Below is a listing with pictures in it; transcribe exactly the lines from the one that has "Message of His" through the one that has "Cardiovascular training adaptations", and omit those pictures.

━━ Working data

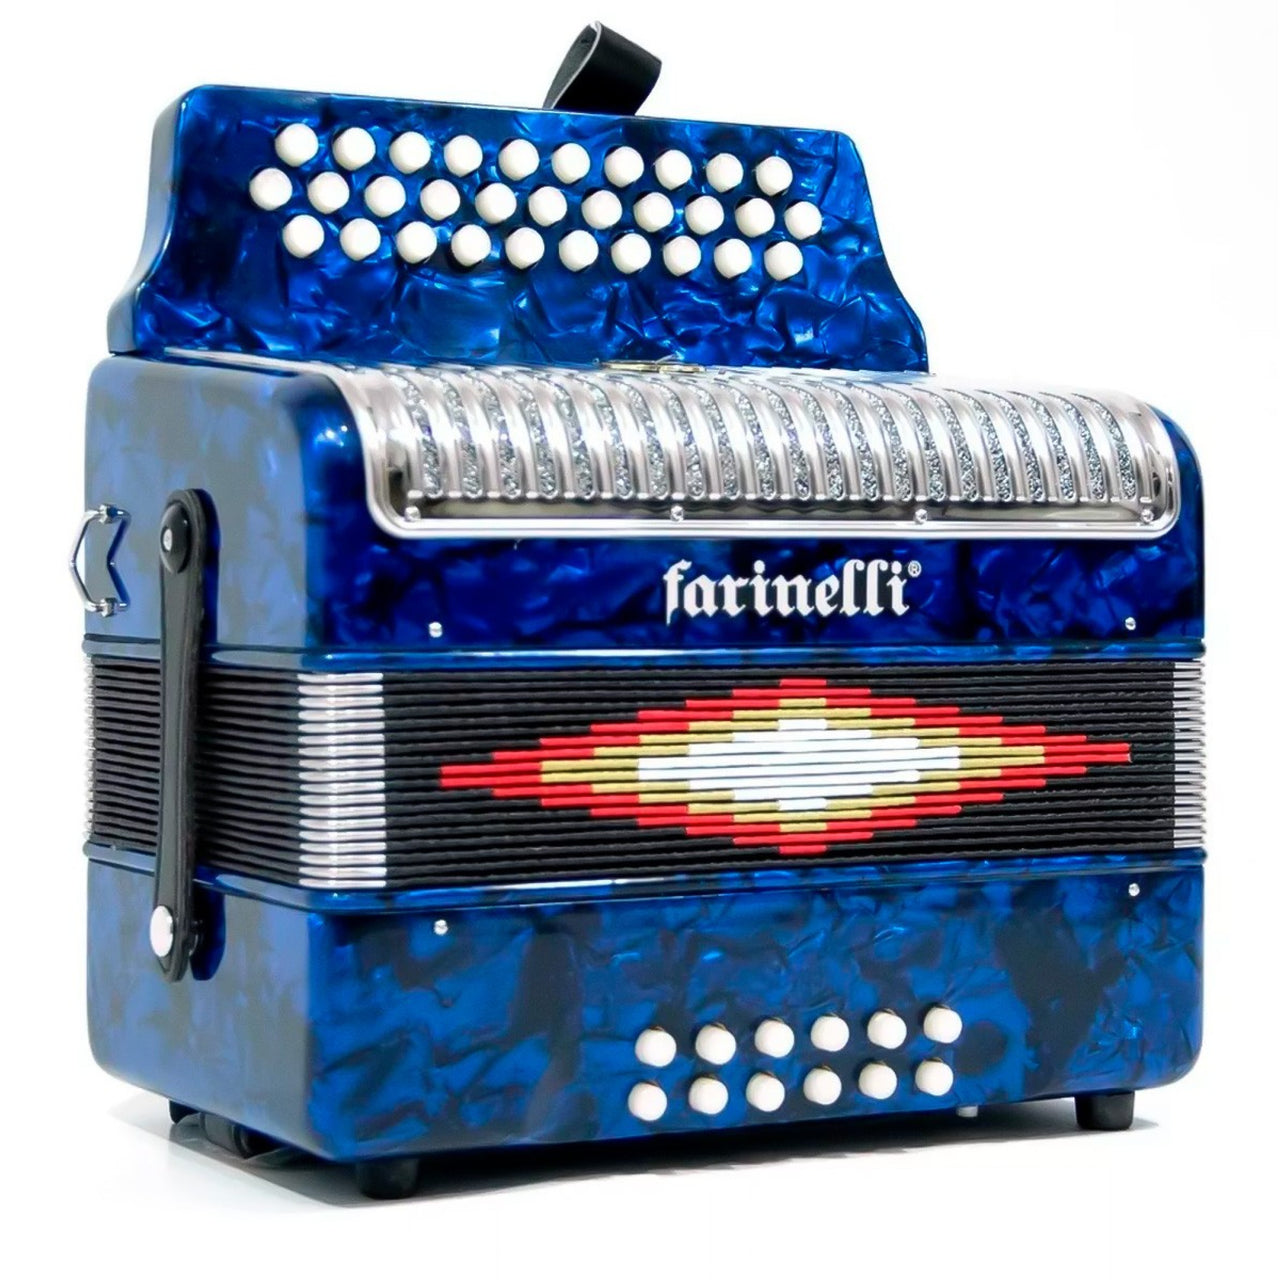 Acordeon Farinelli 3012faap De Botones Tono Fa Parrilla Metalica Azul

━━━━
━━ Working data

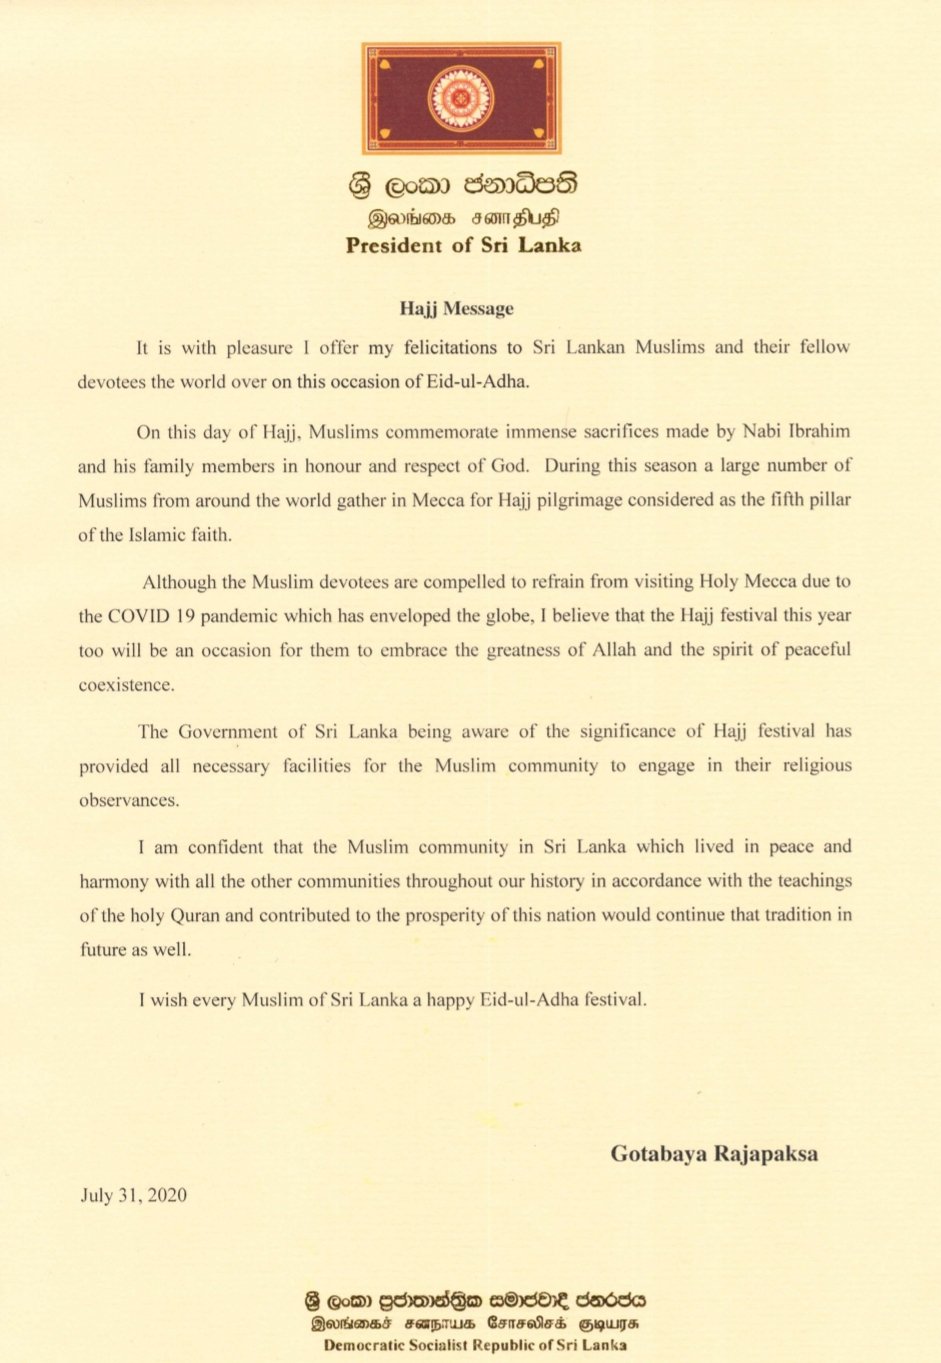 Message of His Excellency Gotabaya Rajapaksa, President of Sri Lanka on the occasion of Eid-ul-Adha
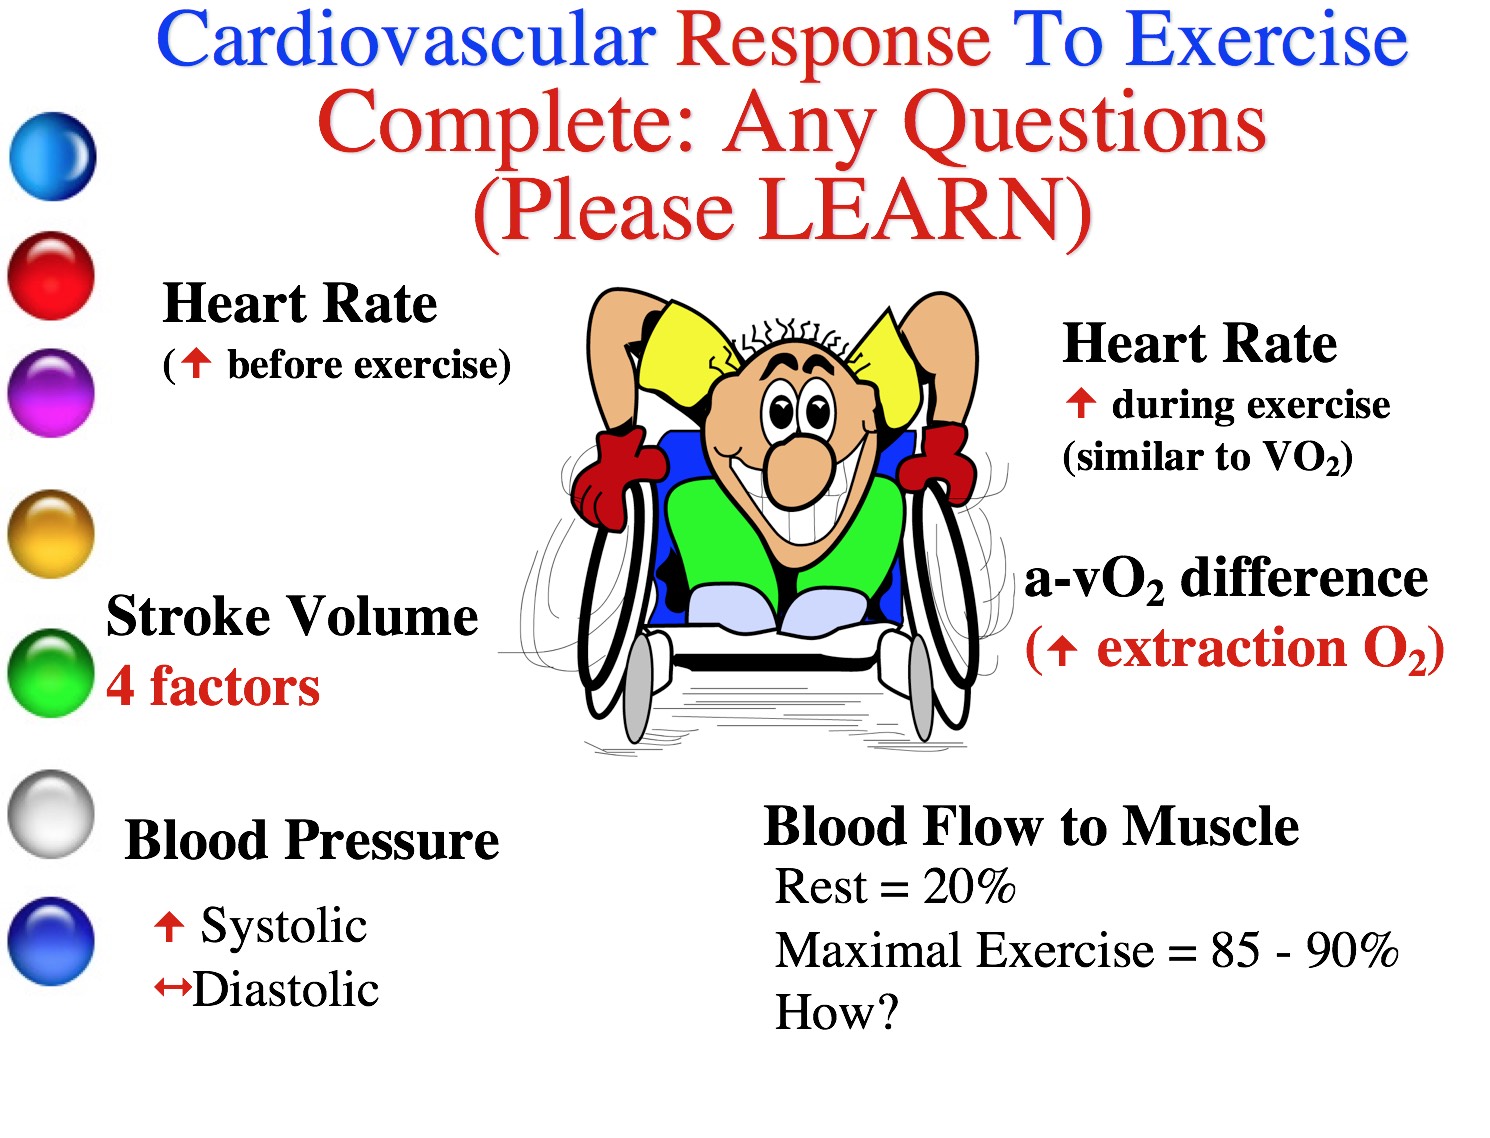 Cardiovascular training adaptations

━━━━

§ **Answer to this problem**:
 Message of His Excellency Gotabaya Rajapaksa, President of Sri Lanka on the occasion of Eid-ul-Adha
 Cardiovascular training adaptations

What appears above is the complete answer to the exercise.